We conduct quite a bit of research around here at ESG. While all of it helps provide us with insight into the challenges and needs of IT organizations, there is one project in particular, on the future of storage, that seems to come up in my recent conversations more often than the others. We conducted in-depth interviews with multiple IT leaders across a number of industries discussing their thoughts and impressions on a number of emerging technologies, such as the cloud, hyper-converged, and software-defined storage. There was one finding in particular that I wanted to discuss. The results relative to software-defined storage presented a unique paradox…
- On one hand the topic of software-defined storage generated the most confusion among those interviewed, but…
- On the other hand, once the concept was explained at a fairly basic level, it seemed to resonate with the vast majority of respondents who seemed to grasp the fact that software-defined storage has the potential to help them address some of their most pressing challenges.

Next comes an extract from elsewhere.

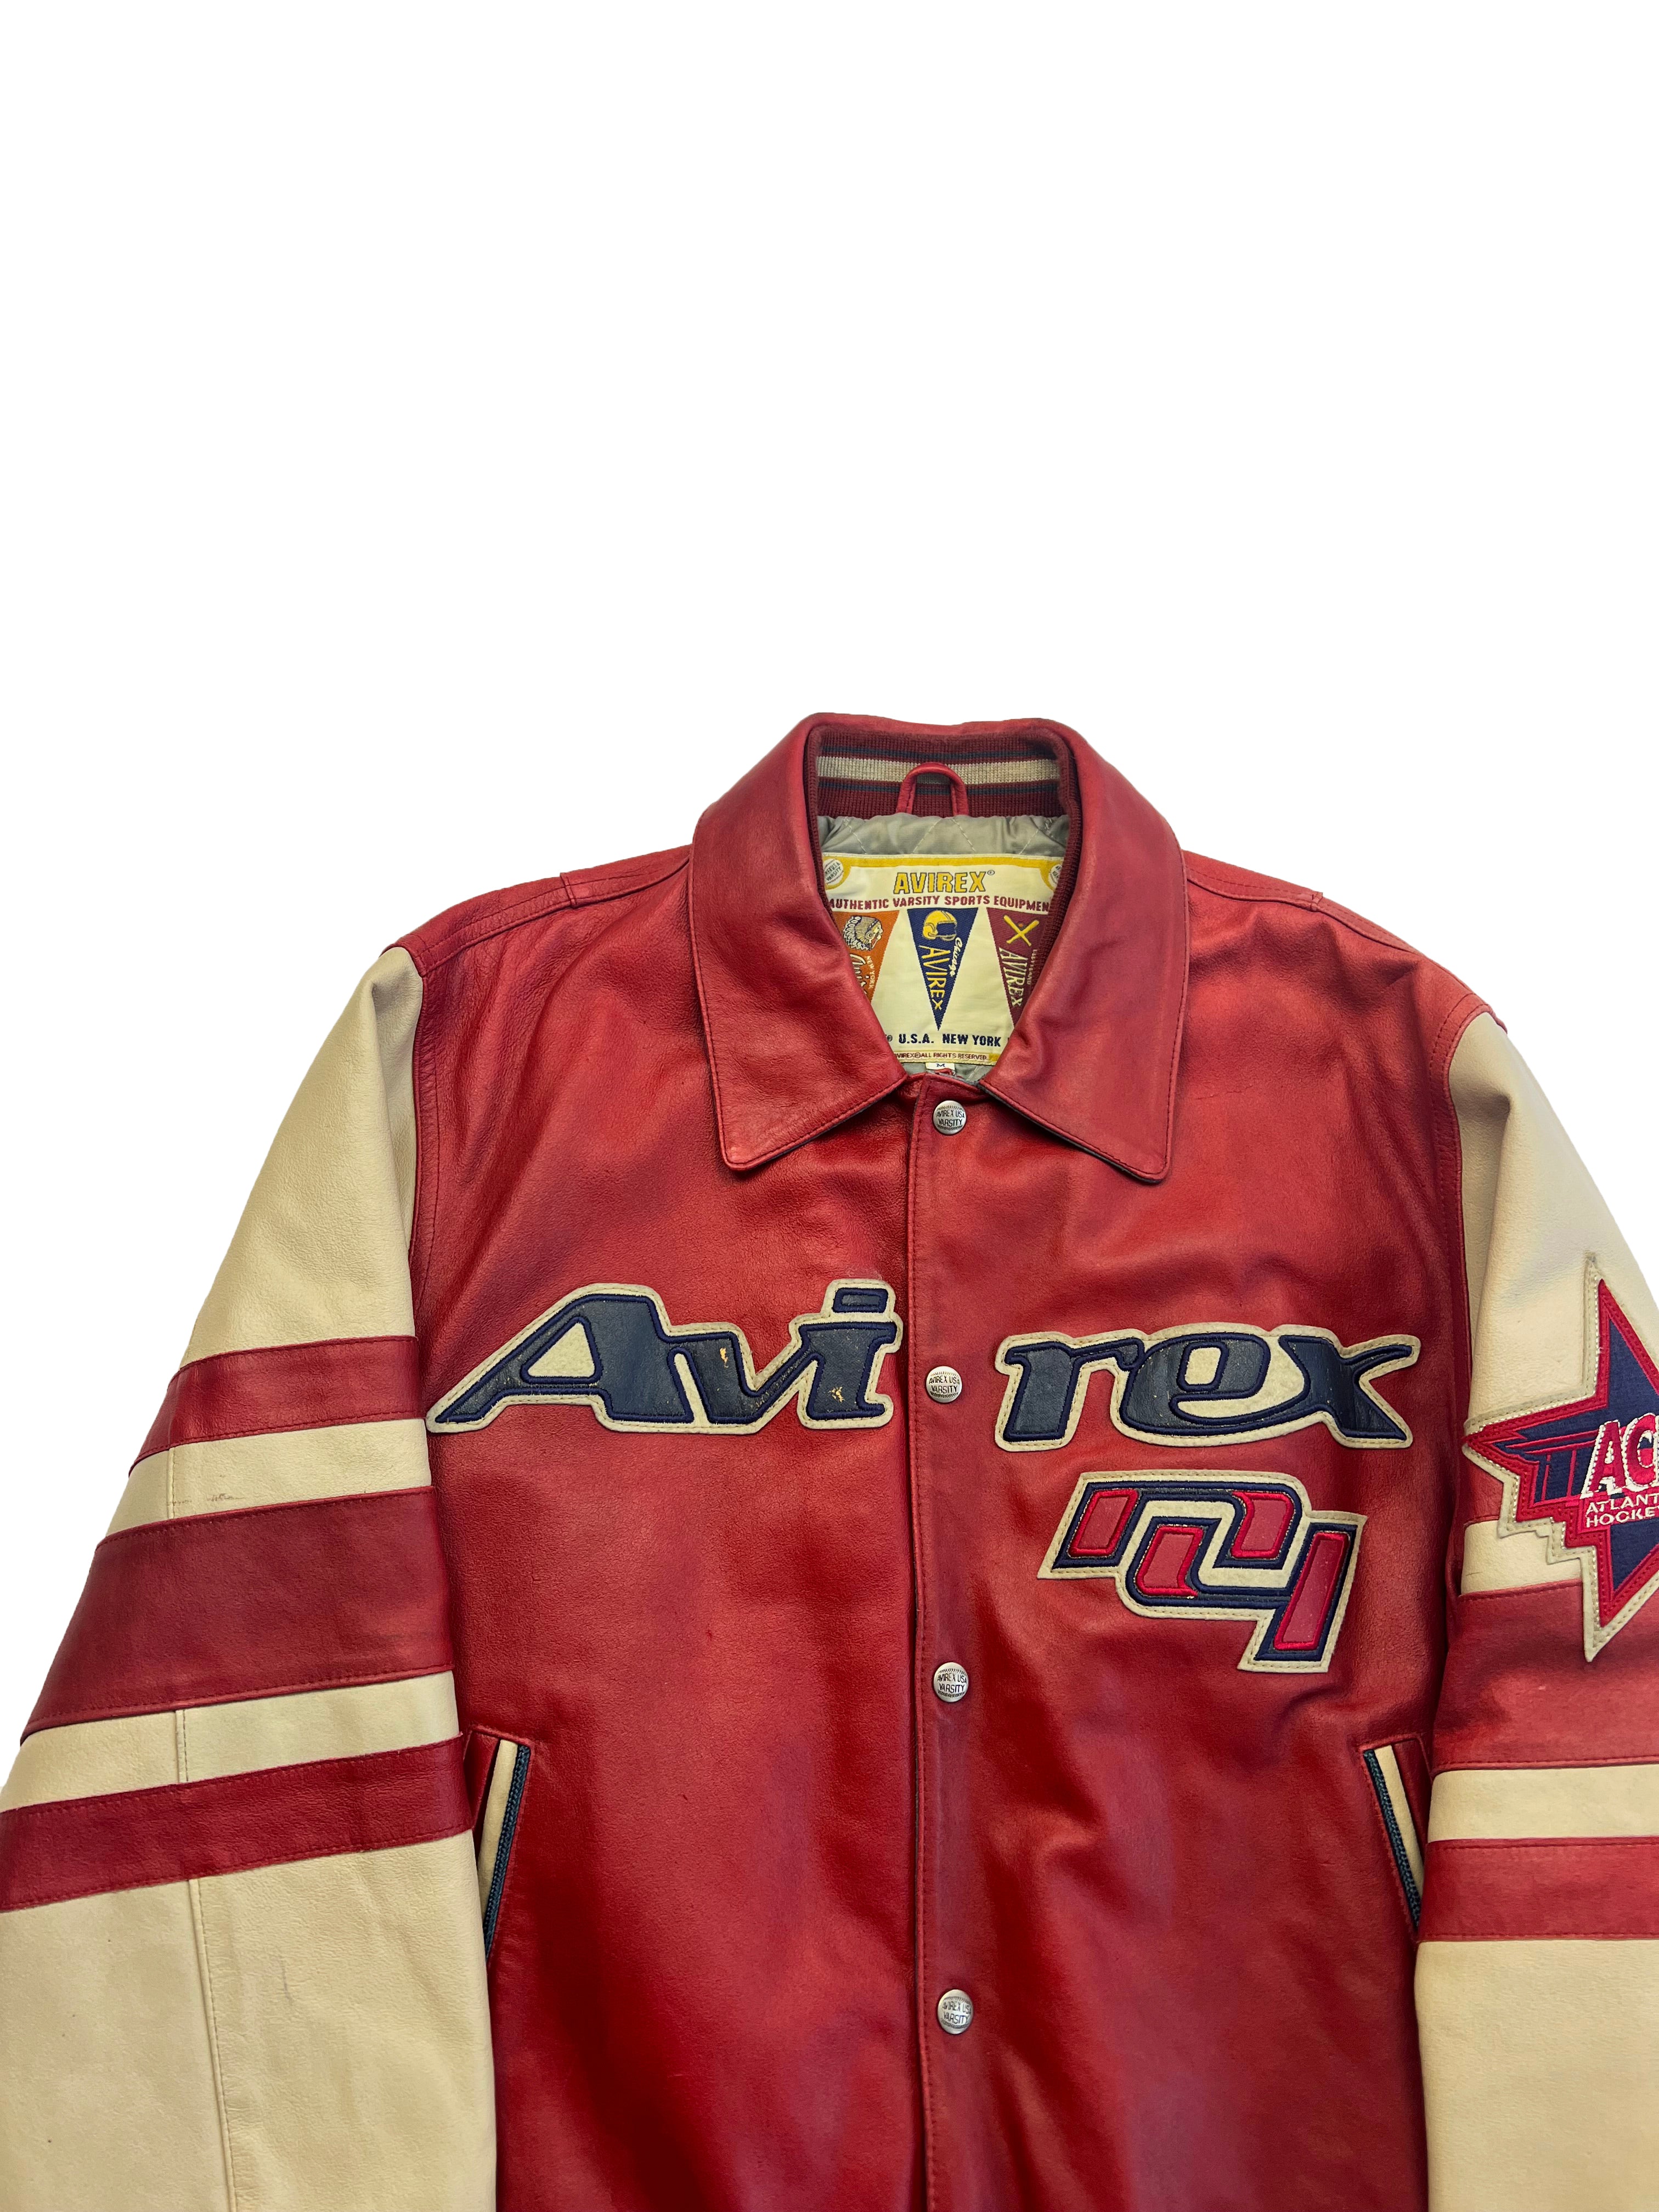 Avirex 'Goalers' Leather Jacket 90's

With so many vendors talking about software-defined, often with different definitions, it isn’t much of a surprise that there is a considerable amount of confusion in the industry. What is interesting, however, is that the confusion does not seem to curtail the interest. I had some time the other day to sit in front of a camera and discuss the state of software-defined storage. In this video I try to help clear up some confusion. Take a look and let me know what you think.
The hype around software-defined storage has been almost deafening. Multitudes of industry players claim to promote the real definition of software-defined storage and are only adding to the confusion. The resulting noise reminds me of the buzz around the term "cloud" a few years ago. In that case, education and familiarity over time ended up sorting out the confusion. Defining the real software-defined storage doesn't really matter though. The majority of technologies that leverage the software-defined monicker provides some value. My recommendation is to look past the hype and try to understand what value each solution provides. To help provide some context though, I will walk through a couple types of storage offerings often described as software-defined, and discuss some of the benefits that they may offer. This is by no means an exhaustive list, but my hope is that it will help you sift through some of the software-defined hype.
One deployment type is where storage technology is deployed as software on off the shelf commodity hardware. Leveraging commodity hardware can help save some of the direct costs by finding cheaper components. But greater benefits include the ability to mix and match hardware nodes, allowing for faster access to new memory and processing technologies, and eliminating costly data migrations. Faster deployments are also possible since software could be downloaded and deployed on hardware already on site. Storage software management cost reduction is something else to look for since software features aren't tied to hardware and may not need to be refreshed with the hardware. Additionally, when storage technology software can be deployed inside a VM or deployed as hyper converged it offers some additional benefits, such as less hardware to manage. These converged solutions provide the potential to greatly reduce cost by using excess processing cycles for storage as opposed to dedicated compute resources, along with the opportunity for fast performance with the storage residing closer to the application. The second high level category of these solutions that often get tied to software-defined storage involve storage virtualization and orchestration, where the solution virtualizes multiple external storage solutions.
These solutions can help provide greater flexibility and choice when selecting storage offerings and help reduce lock-in. They can also reduce storage software management cost by consolidating the capabilities in the software-defined storage virtualization layer. These offerings can also provide automation to help speed up the allocation of new capacity.
However you define software-defined, it is likely going to provide value. When talking to vendors about their software-defined solution, be sure to understand the value that it provides to your specific environment. And also remember that whatever solution you're looking at, it likely isn't the only software -defined storage answer out there.